Metadata enrichment: Scholar-style scraping pipeline with fallback logic and deduplication. The enrichment step boosts reference quality by filling in missing fields and standardizing metadata.
Deployment: docker-compose environment coordinating the API + supporting services so the system runs consistently across machines and can scale without ‘works on my laptop’ drift. Async execution ensures long-running parsing/enrichment doesn’t block user requests.
What I optimized
Hybrid reliability: I focused on getting the best of both worlds—deterministic logic for what’s stable (structure, obvious fields, normalized parsing) and LLM use only where it adds real value (formatting edge cases, noisy reference blocks). This improved extraction quality without turning the pipeline into an expensive ‘LLM everywhere’ system.
Normalization + deduplication: I implemented aggressive cleaning/normalization (unicode normalization, consistent formatting, hashing/dedupe strategies) so references and metadata remain consistent across documents and repeated uploads. This directly improves retrieval, reduces redundant processing, and prevents analytics from being polluted by duplicates.
Performance + throughput: We designed ingestion as async-first so a user can upload and continue, while processing runs in the background. This avoids blocking requests and makes the system behave like a platform rather than a single-threaded script.

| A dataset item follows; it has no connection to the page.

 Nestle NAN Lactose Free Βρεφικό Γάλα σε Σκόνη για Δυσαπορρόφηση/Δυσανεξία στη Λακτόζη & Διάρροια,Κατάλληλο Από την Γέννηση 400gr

System consistency: Dockerized coordination of services + clear API boundaries so each part of the pipeline is composable, easier to debug, and reproducible across the team environment.
Results
Built an end-to-end platform that turns PDFs into structured data (references/citations/metadata + extracted content) and supports downstream research workflows like summarization and citation quality checks.

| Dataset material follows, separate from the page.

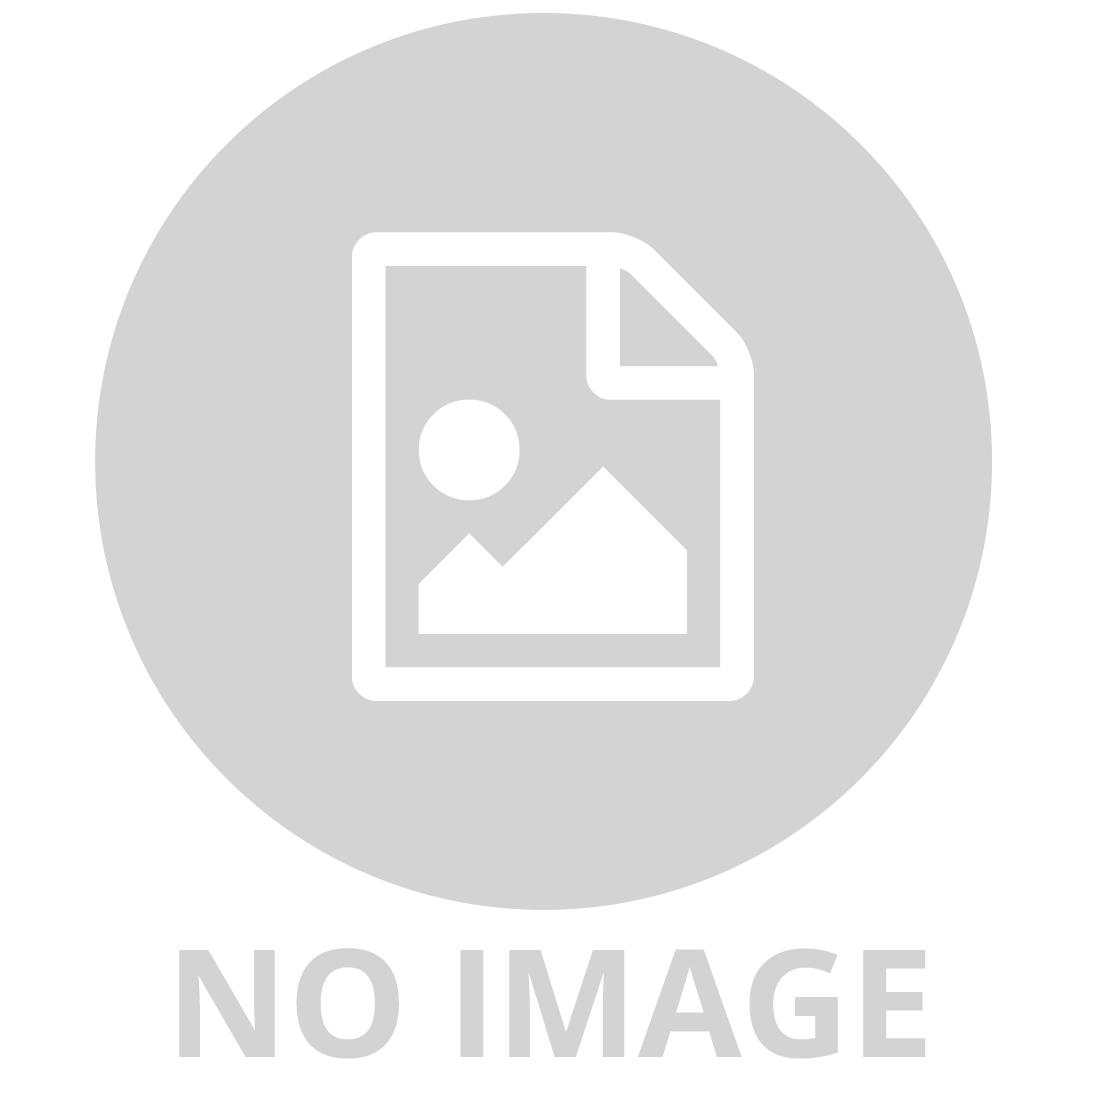 TIKK TOKK BOSS WOODEN TABLE AND CHAIRS

Improved citation/reference extraction accuracy by ~40% by combining deterministic parsing with a targeted LLM cleanup/extraction step, plus normalization/deduplication to reduce noisy variants of the same reference.
Implemented Scholar-style metadata enrichment so documents become more complete and references become more resolvable even when the PDF is messy or missing key fields.

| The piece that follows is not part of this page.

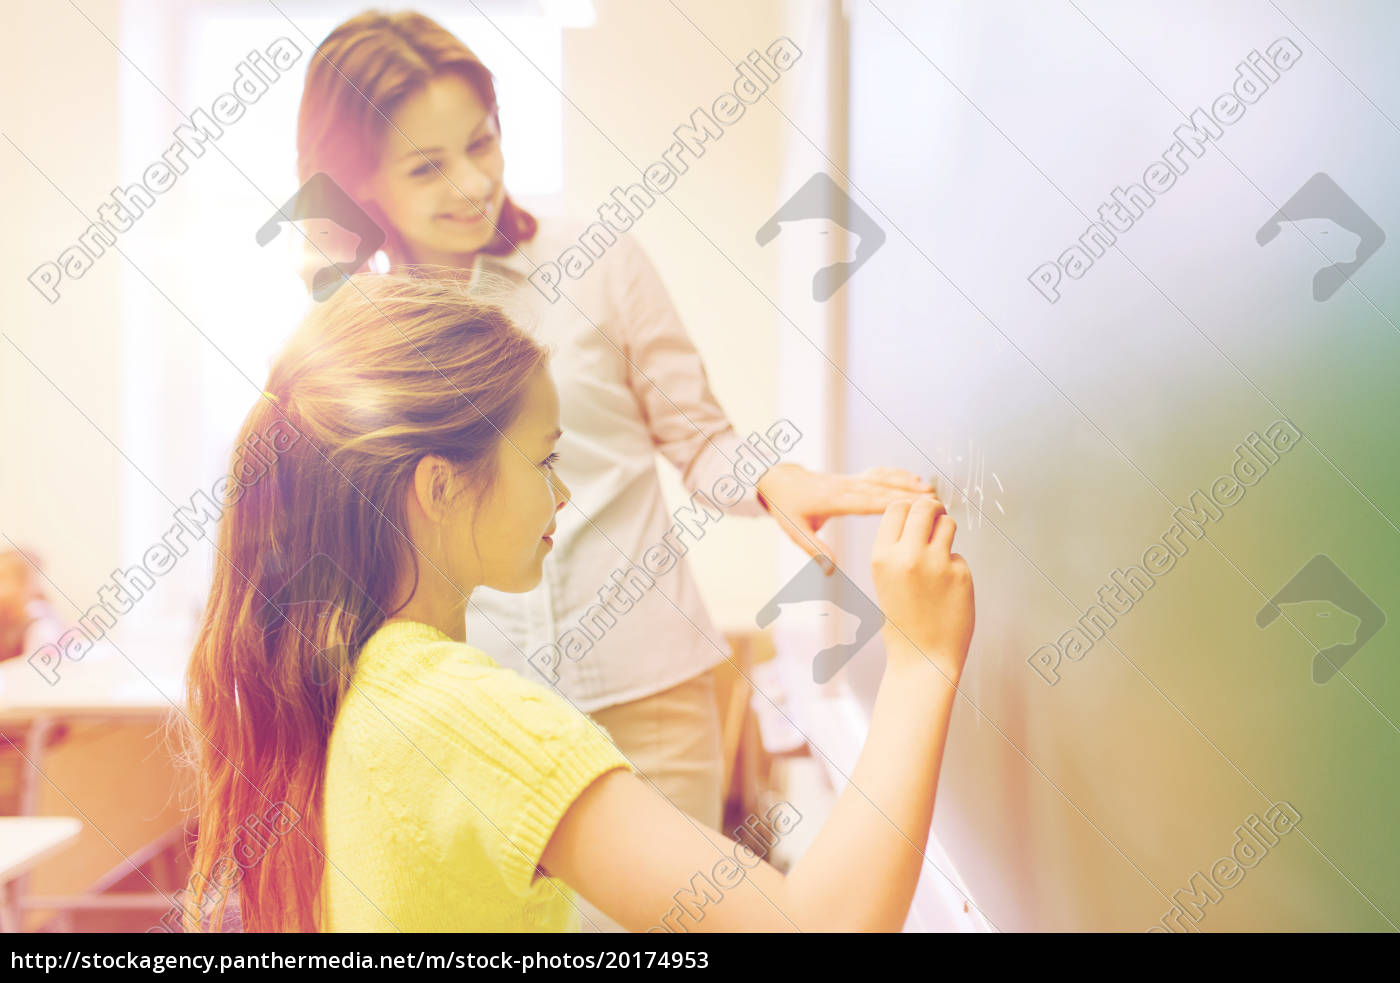 little, smiling, schoolgirl, writing, on, chalk - 20174953

Delivered a scalable ingestion workflow: PDFs stored durably in S3, structured results stored in Postgres, caching/metrics via Redis/RedisTimeSeries, and async processing so heavy work doesn’t block the API.
Coordinated system design and integration across a multi-person capstone environment, ensuring consistent deployment and predictable behavior across services.
What I'd do next
Make reference resolution more ‘entity-based’: add a canonical paper identity layer (DOI/arXiv/semantic fingerprinting) so references map to a single truth even when formatting differs wildly. This would make citation graphs and analytics significantly more reliable.
Improve observability and quality metrics: expand RedisTimeSeries/telemetry into a full pipeline dashboard that tracks per-stage failure rates, extraction confidence, and ‘where the pipeline breaks’ by PDF type/publisher to guide targeted improvements.
Add human-in-the-loop correction: a lightweight UI to edit/confirm extracted references/metadata, then feed corrections back into the system (rules tuning + model prompts) so the platform improves over time with real usage.
Harden enrichment: broaden coverage beyond Scholar-style scraping by adding additional resolvers (venue pages, open metadata sources, fallback heuristics), with rate limiting and caching so enrichment scales safely.
Turn structured data into user-facing workflows: semantic search over extracted sections/references, ‘related works’ discovery, and citation-quality scoring that explains *why* a citation is relevant (not just a score).